Natural history museums around the world offer a simple, ethical means of studying mammalian development because their collections consist of hundreds to thousands of historically (and opportunistically) collected prenatal specimens for a wide range of mammals. By using non-invasive imaging technologies, such as micro-computed tomography (micro-CT), researchers can image the developing skeleton without harming these precious specimens and digitally share these data with the scientific community through public repositories.
This study was inspired when we discovered that the wet collections of the Harvard Museum of Comparative Zoology (MCZ) Mammalogy Department contain hundreds of mammalian embryos preserved in jars of ethanol which had not been previously used in research. Many were collected over 100 years ago.
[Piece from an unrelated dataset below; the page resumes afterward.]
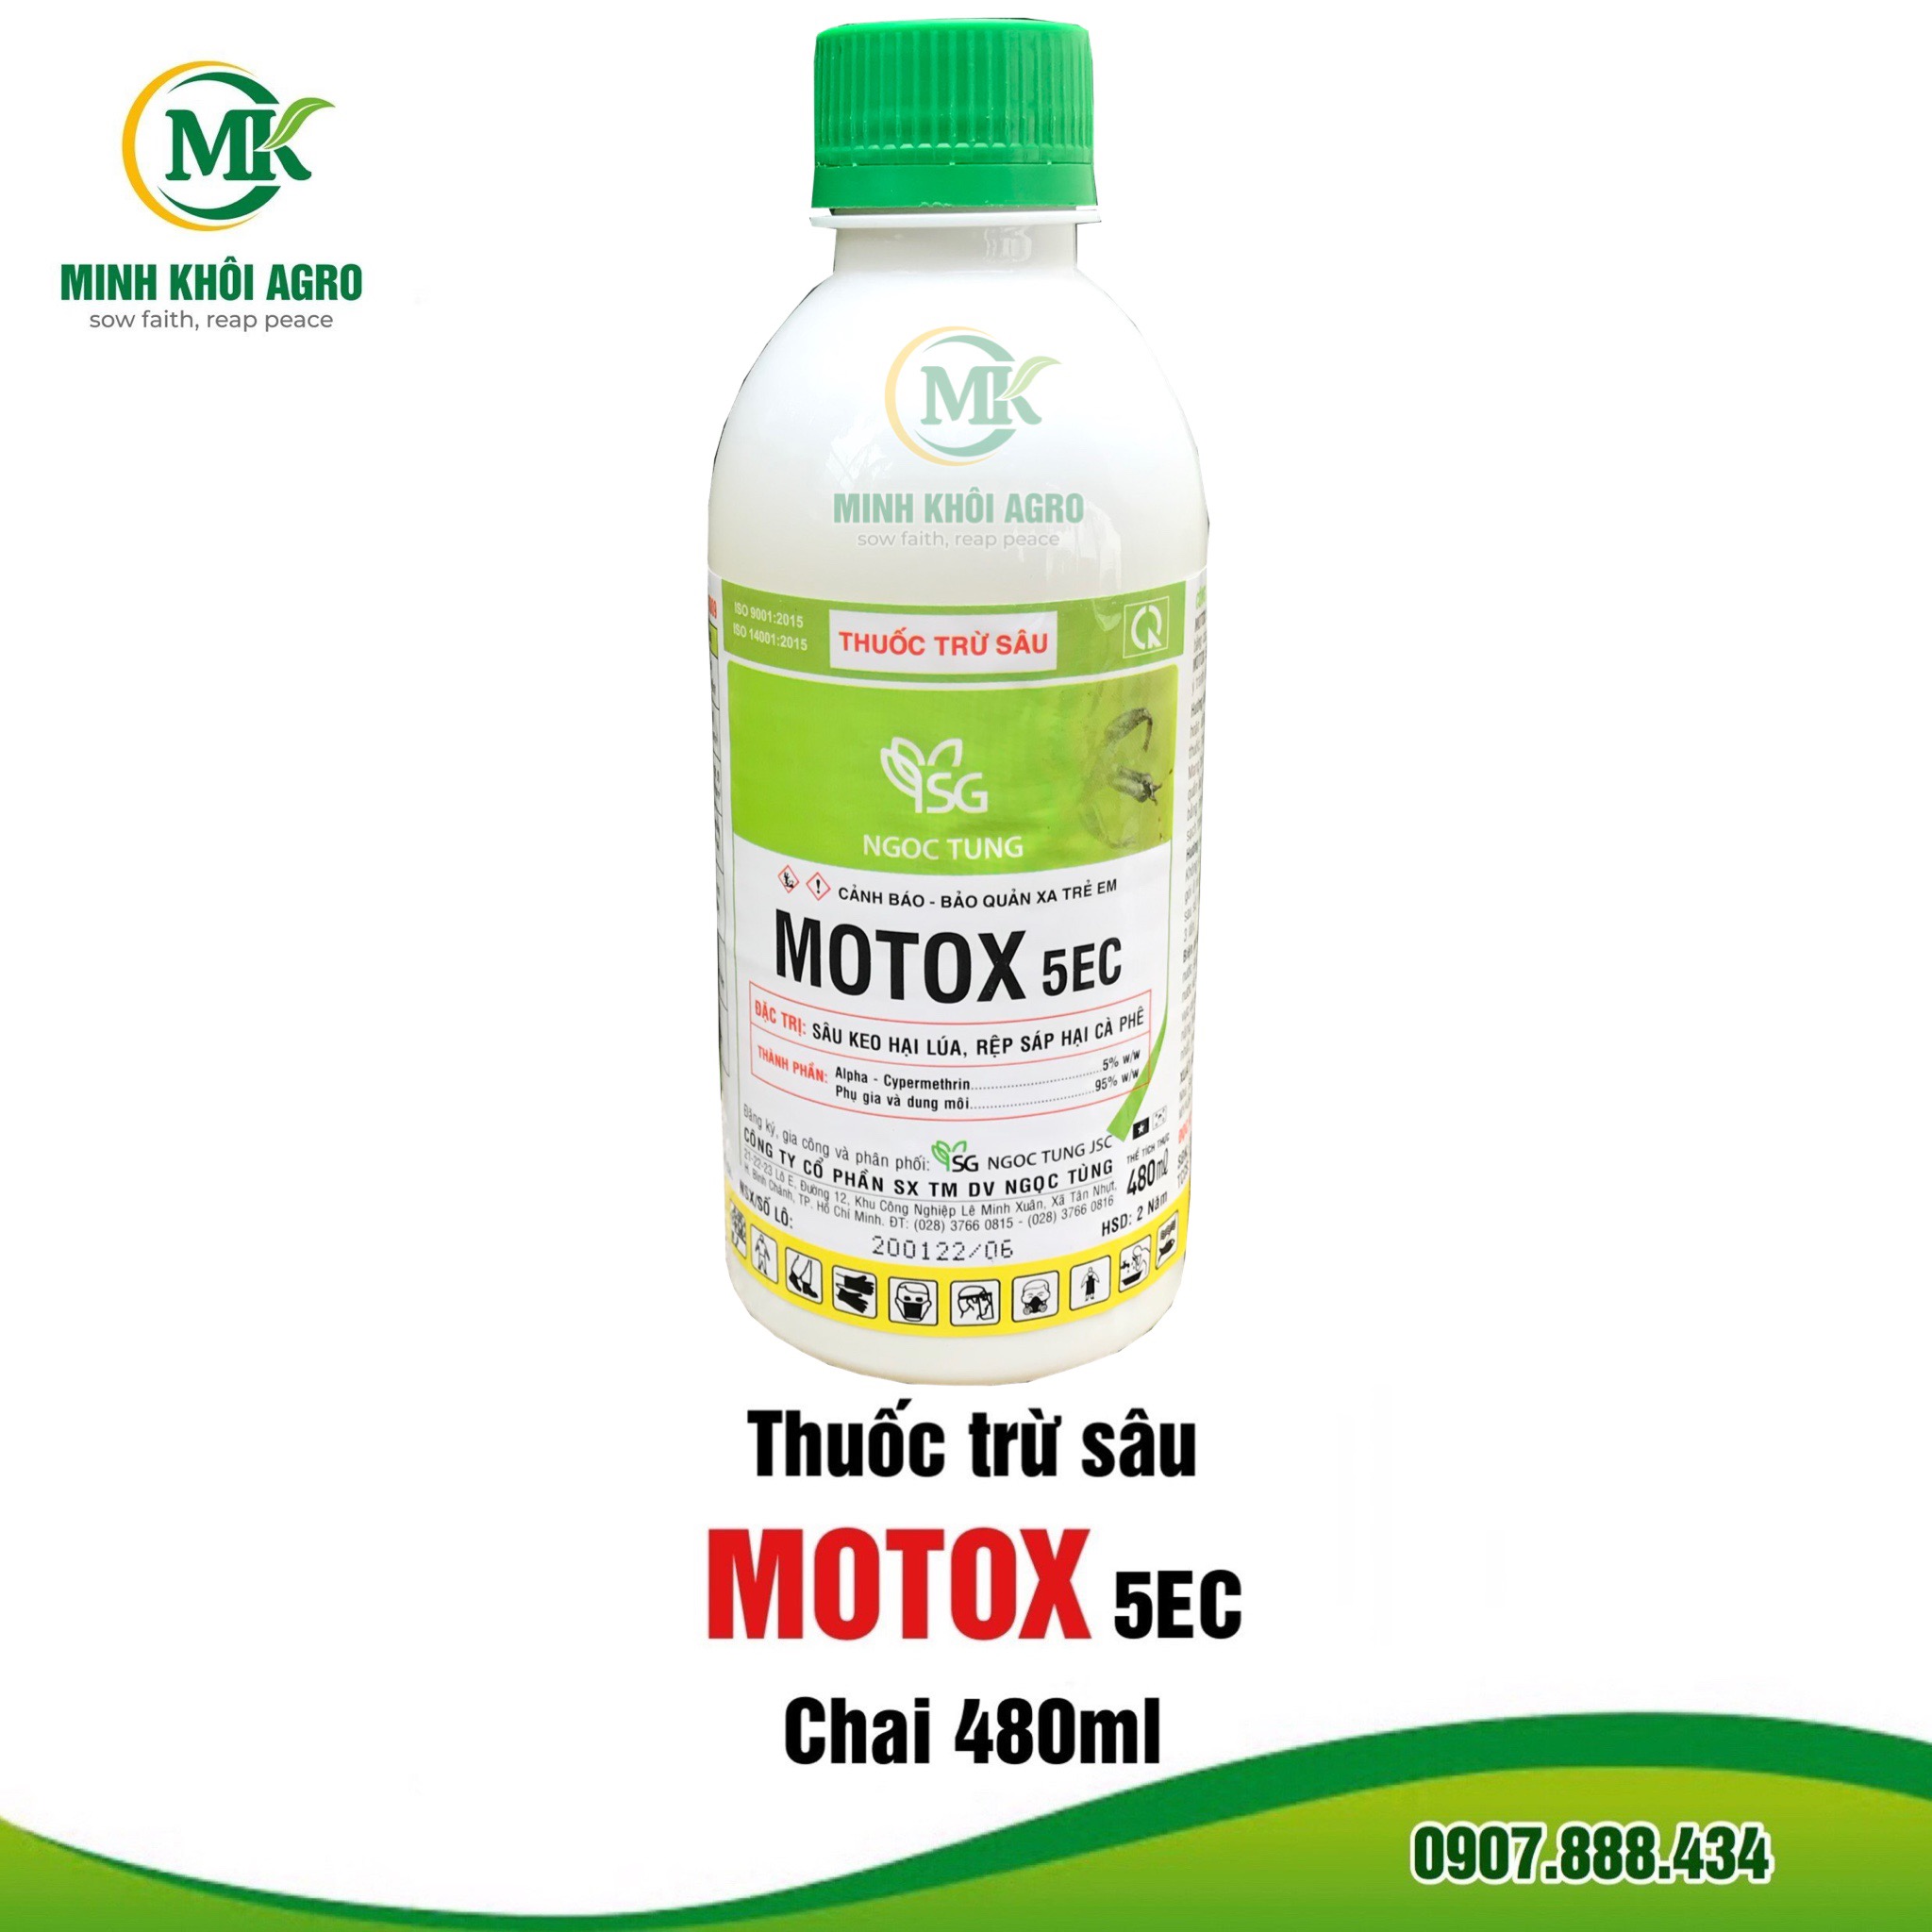 Thuốc trừ sâu Motox 5EC - Chai 480ml

To conduct our research, we used micro-CT to study the developmental sequence of bone formation (ossification sequence) in the mammalian order Carnivora. Species included the Steller sea lion, small Indian mongoose, lion, gray fox, brown bear, and small Indian civet. We chose to focus on carnivorans because previous research on carnivoran ossification sequences was largely limited to two domestic species: dogs and cats. Furthermore, the MCZ collection included singleton embryos from a wide taxonomic range of species, as well as numerous Steller sea lion embryos of different developmental stages. This diversity allowed us to compare both within and between species, as well as among animals living in terrestrial versus aquatic environments.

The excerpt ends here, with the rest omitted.